• [Source material]:
* * * * *

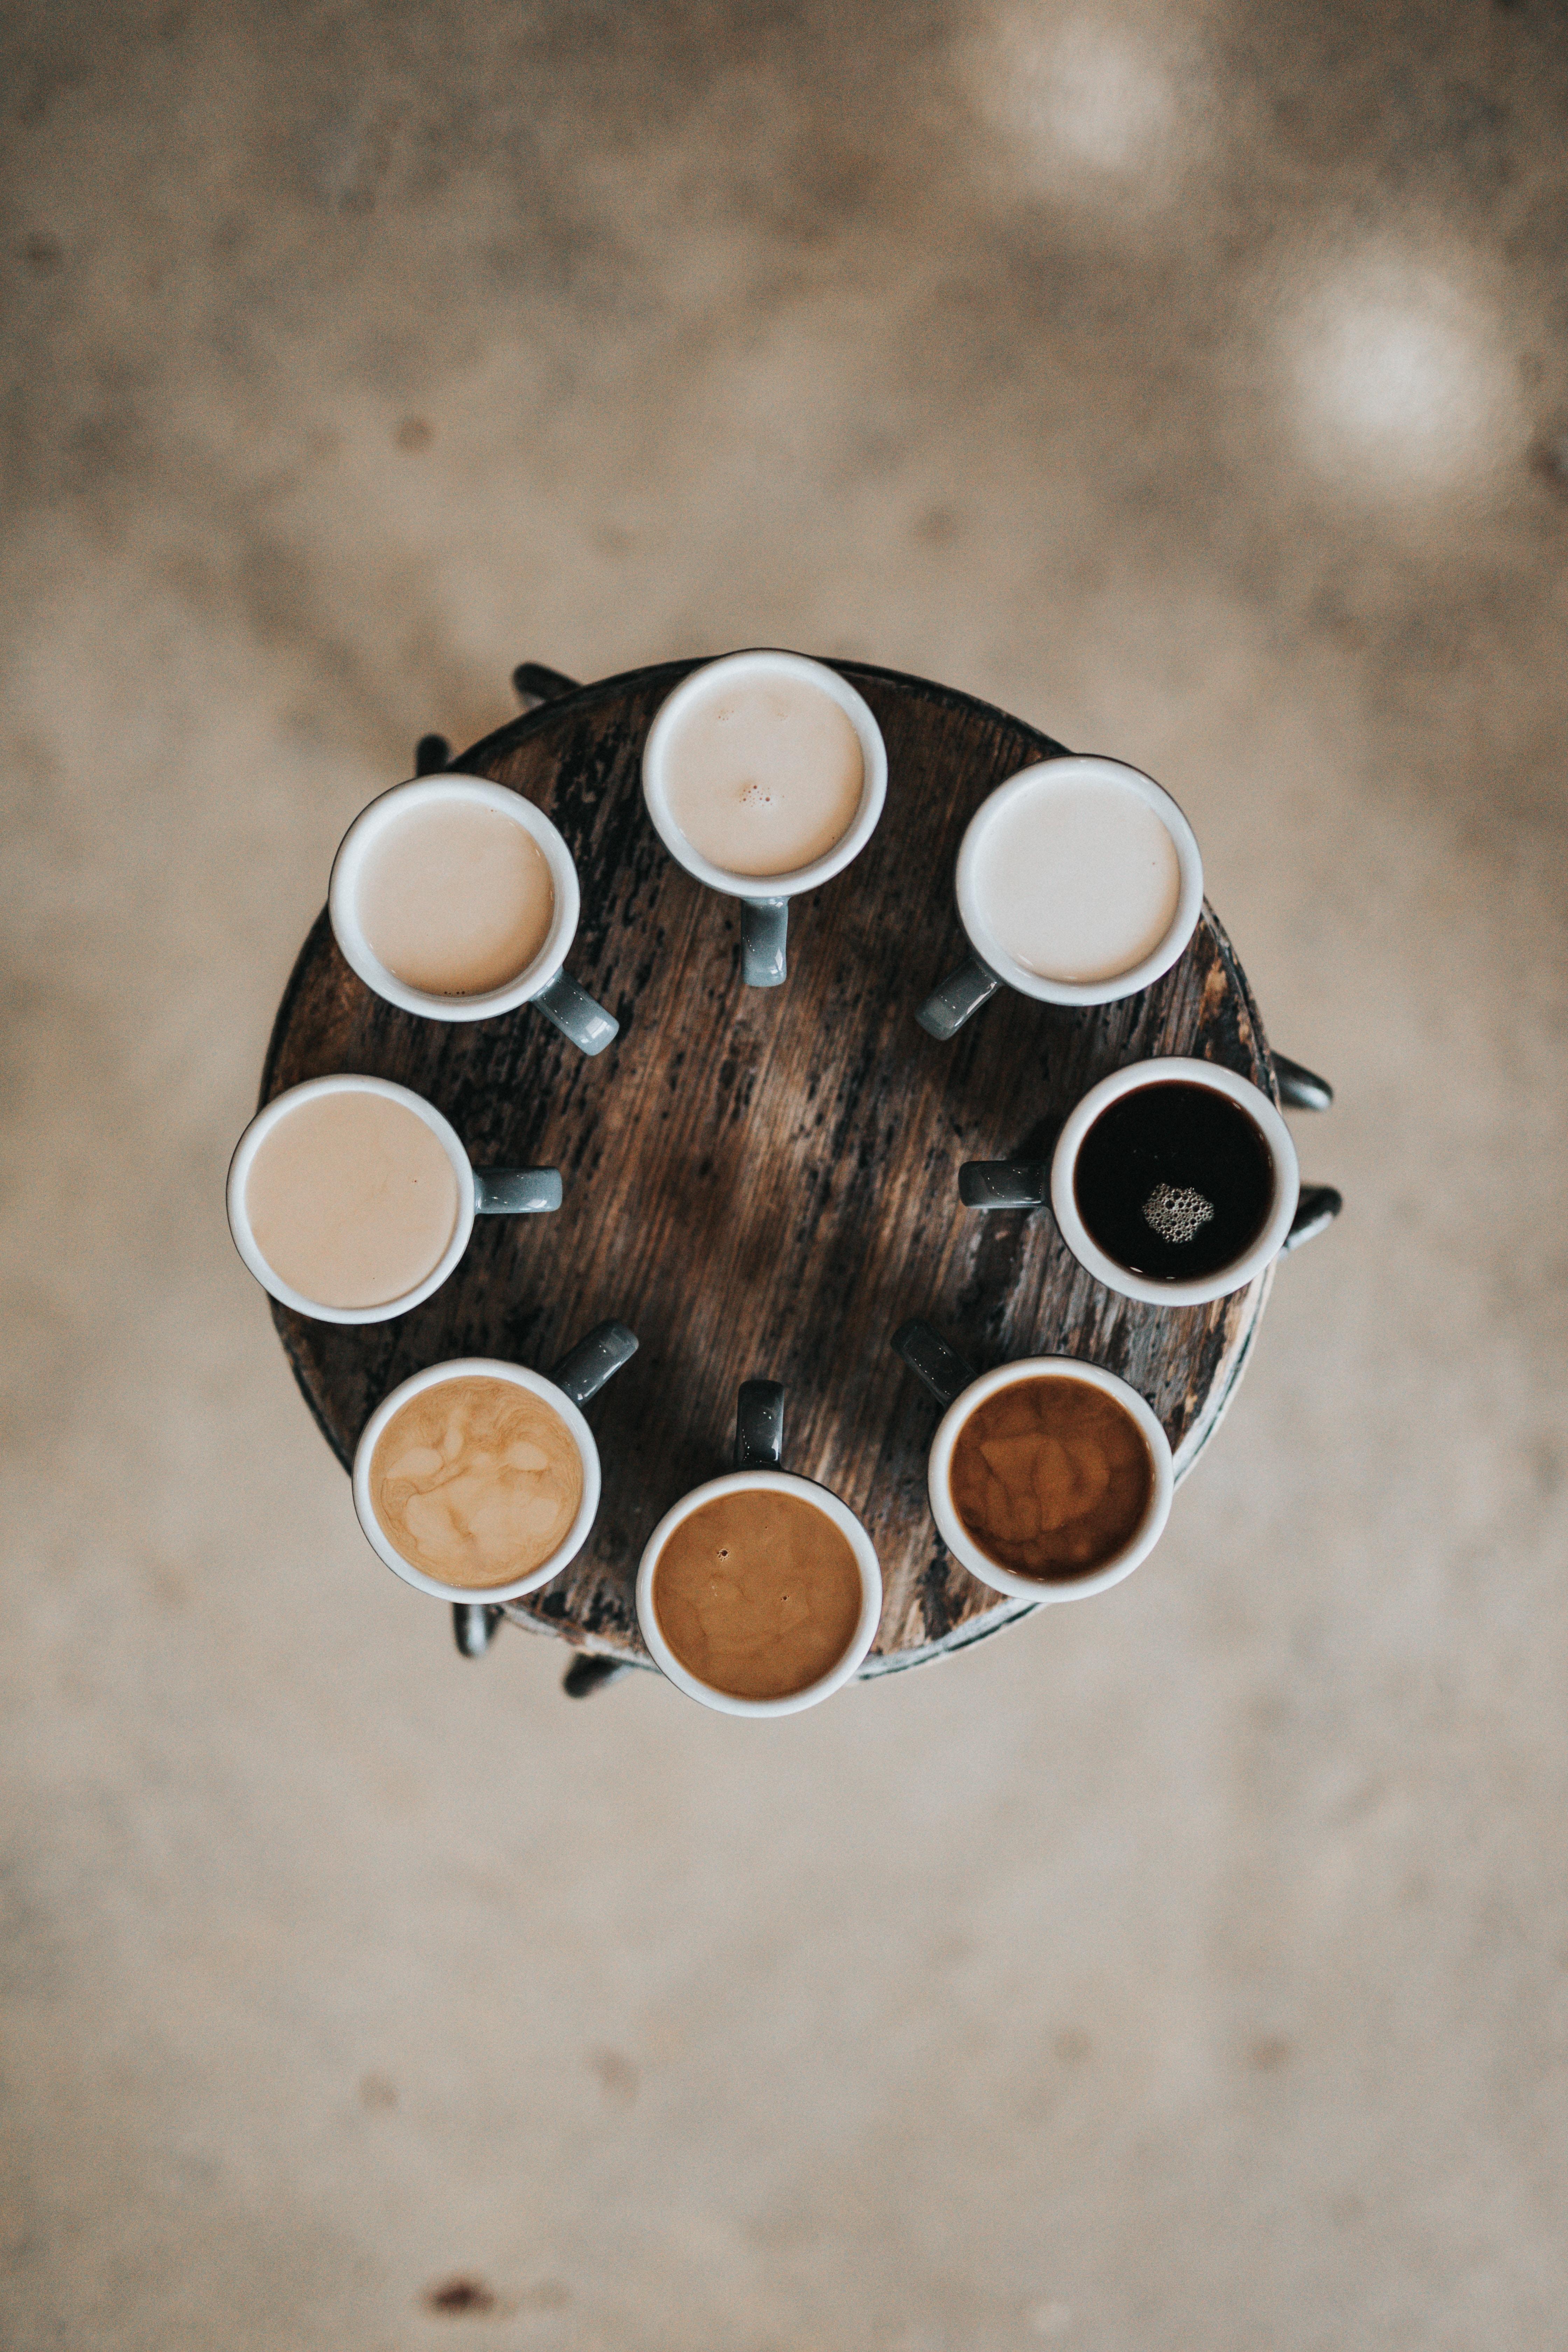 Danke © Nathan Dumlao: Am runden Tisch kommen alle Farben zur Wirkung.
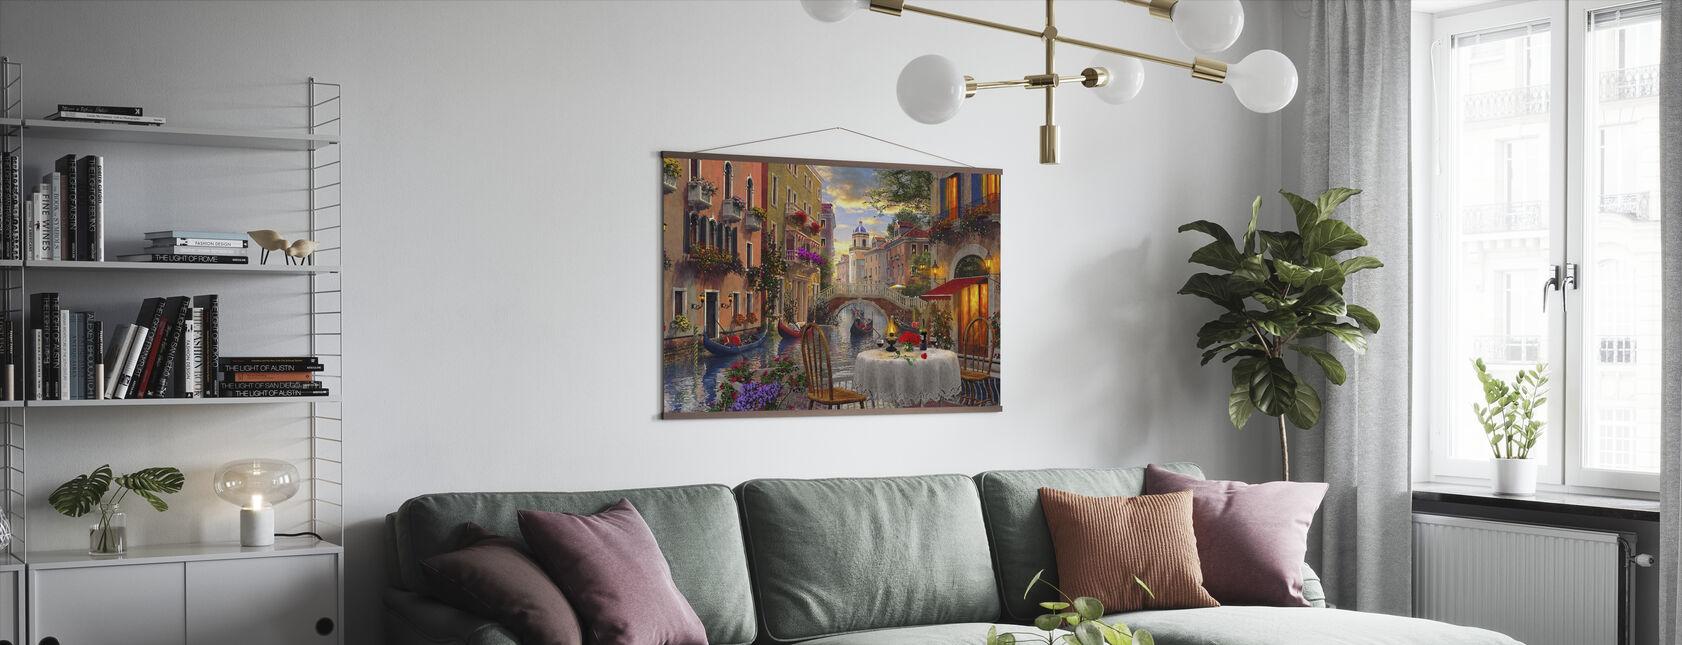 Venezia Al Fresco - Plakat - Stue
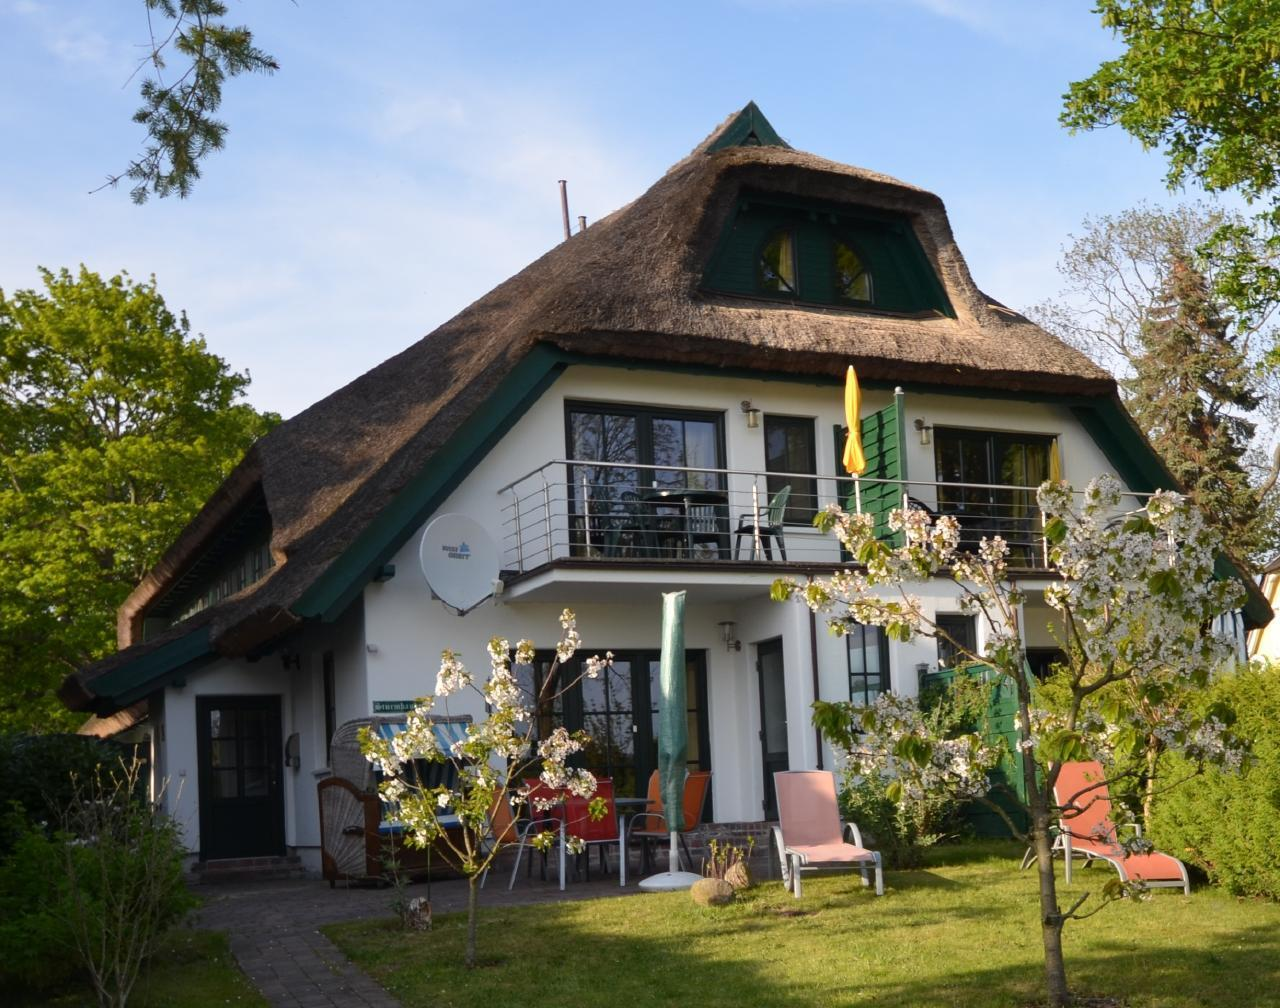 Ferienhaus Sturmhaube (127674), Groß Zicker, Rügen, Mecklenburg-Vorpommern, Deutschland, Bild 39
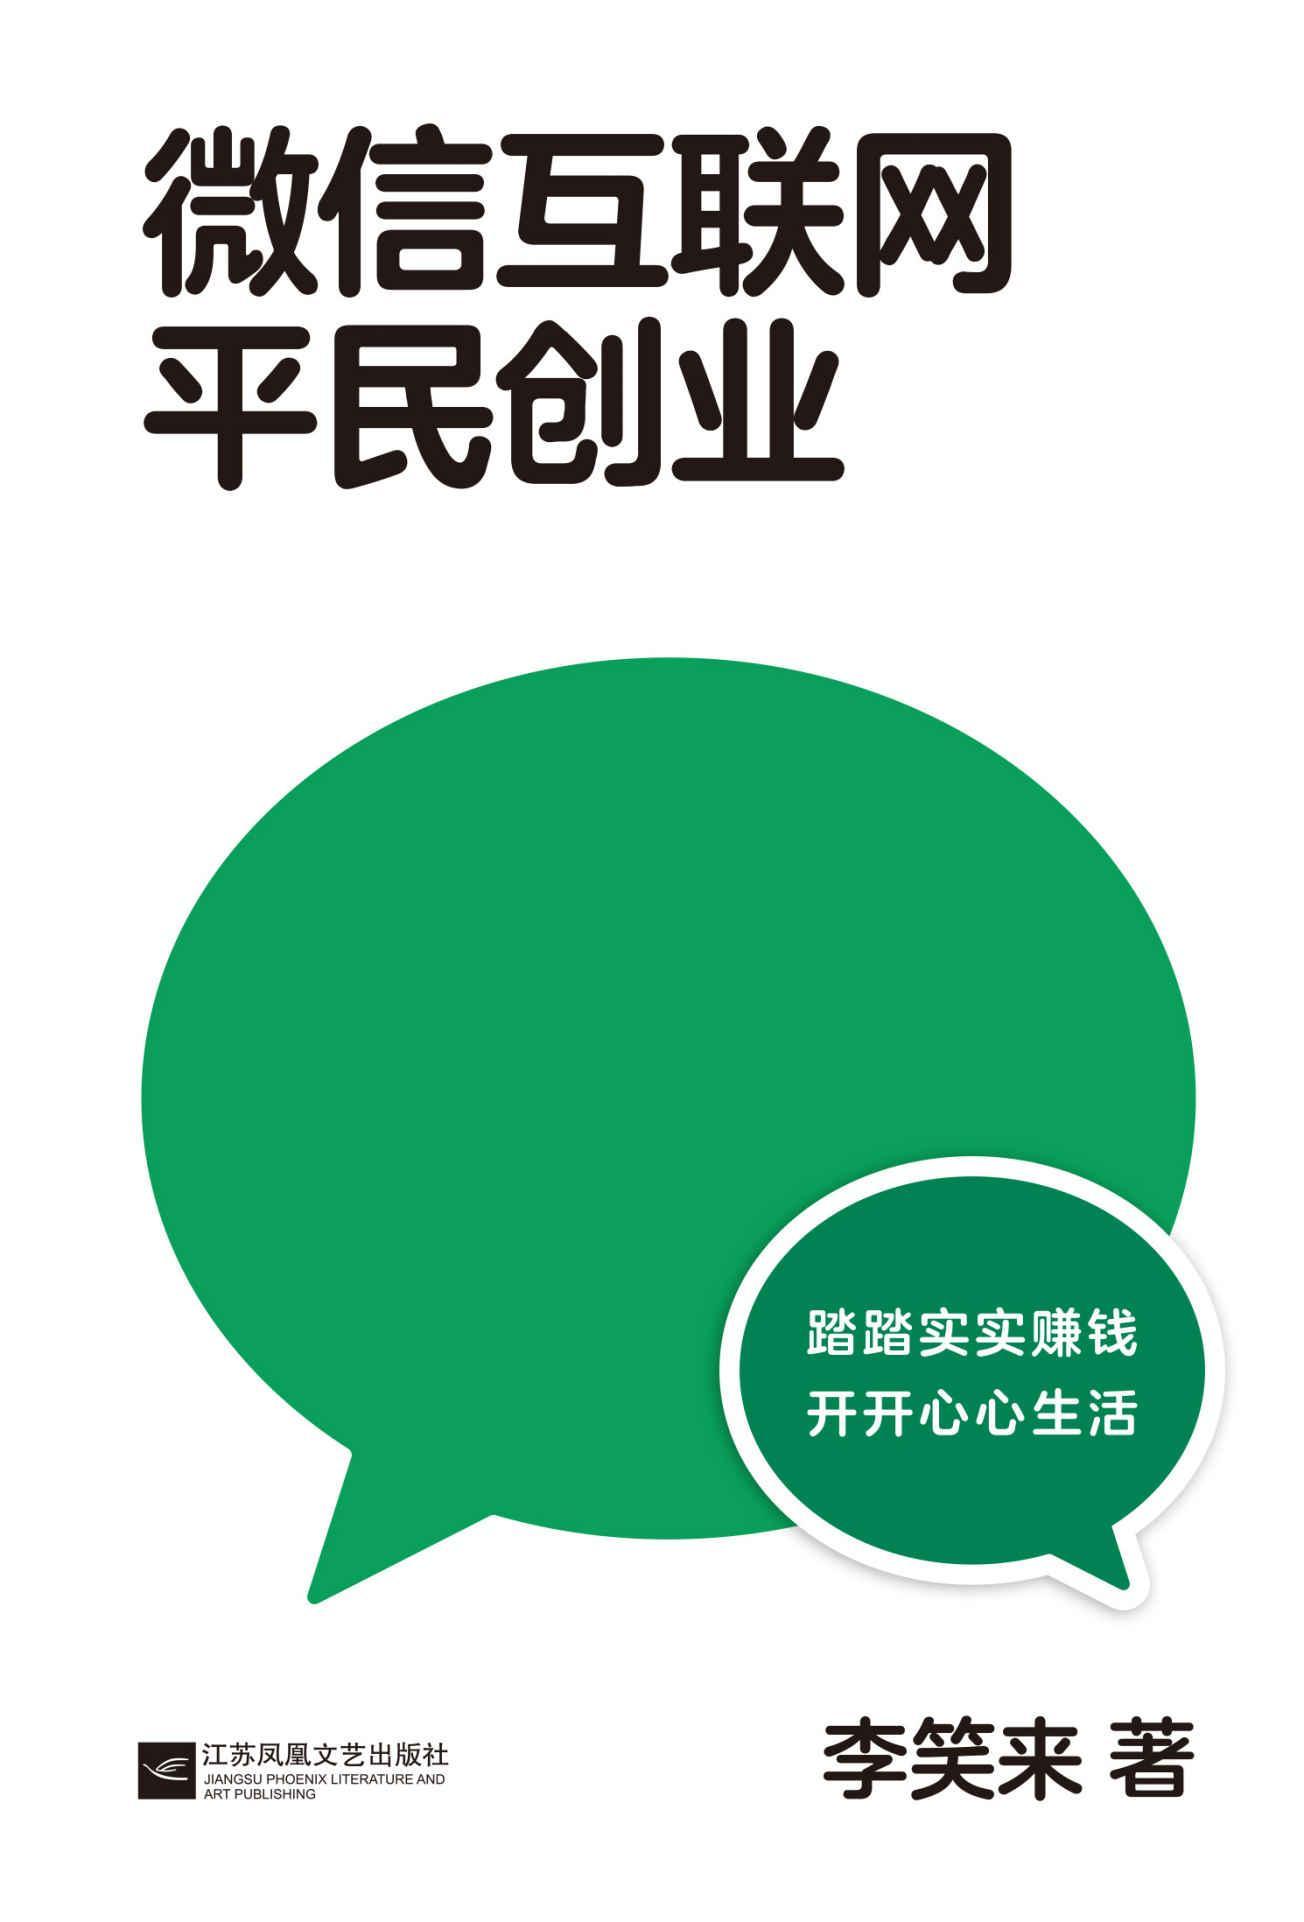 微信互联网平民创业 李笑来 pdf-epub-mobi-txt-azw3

* * * * *

• [Task to complete]: With images left out, the data must be transcribed exactly.

• [Answer section]:
 Danke © Nathan Dumlao: Am runden Tisch kommen alle Farben zur Wirkung.
 Venezia Al Fresco - Plakat - Stue
 Ferienhaus Sturmhaube (127674), Groß Zicker, Rügen, Mecklenburg-Vorpommern, Deutschland, Bild 39
 微信互联网平民创业 李笑来 pdf-epub-mobi-txt-azw3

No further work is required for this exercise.